# JOGL - Bild wird immer wieder weiß



## jason (19. Aug 2009)

Hi,

Ich habe jetzt auch noch JOGL installiert, aber immer wenn ich das hier (und das von den vorherigen Kapiteln) ausführe, erscheint das Bild, so wie es sein soll, wird dann aber immer wieder nach einer Sekunde weiß. Wenn ich die Fenstergröße aber ändere, sieht man das richtige Bild wieder eine Sekunde.
Die Beispiele auf der JOGL Seite funktionieren aber.

Edit: Alles, was sich bewegt, geht, alles andere nicht.

MfG jason


----------



## Woron (20. Aug 2009)

Hast du den Code 1:1 übernommen und die neueste JOGL Version verwendet?

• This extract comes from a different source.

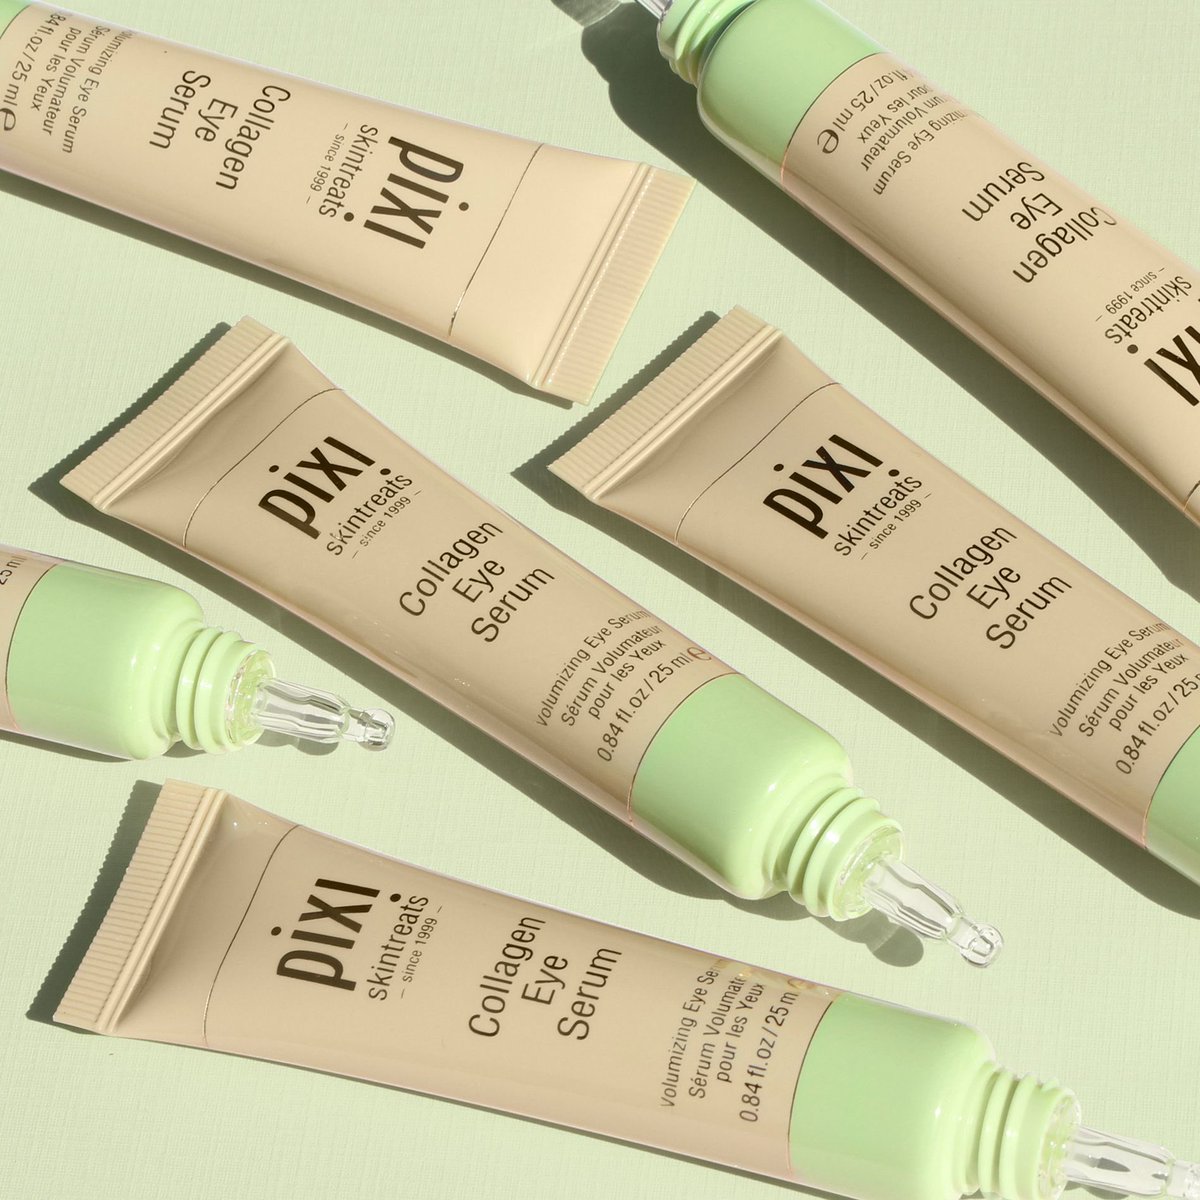 .@PIXIBeauty Collagen Eye Serum is formulated to help boost collagen levels to restore and revitalize the delicate skin around the eye area. MRP ₹2,550 Available at all Sephora India stores and online at sephora.nnnow.com.

Hatte mit dem Tutorial das Problem dass es zB eine Funktion nicht mehr gab in JOGL die im Tutorial verwendet wird. Ev. liegts daran.


----------



## jason (20. Aug 2009)

Ja, den Code habe ich so übernommen.
In anderen Tutorials, bei denen die Methode "display(...)" immer wieder aufgerufen wird, gehts...
Scheint wohl daran zu liegen.

MfG jason


----------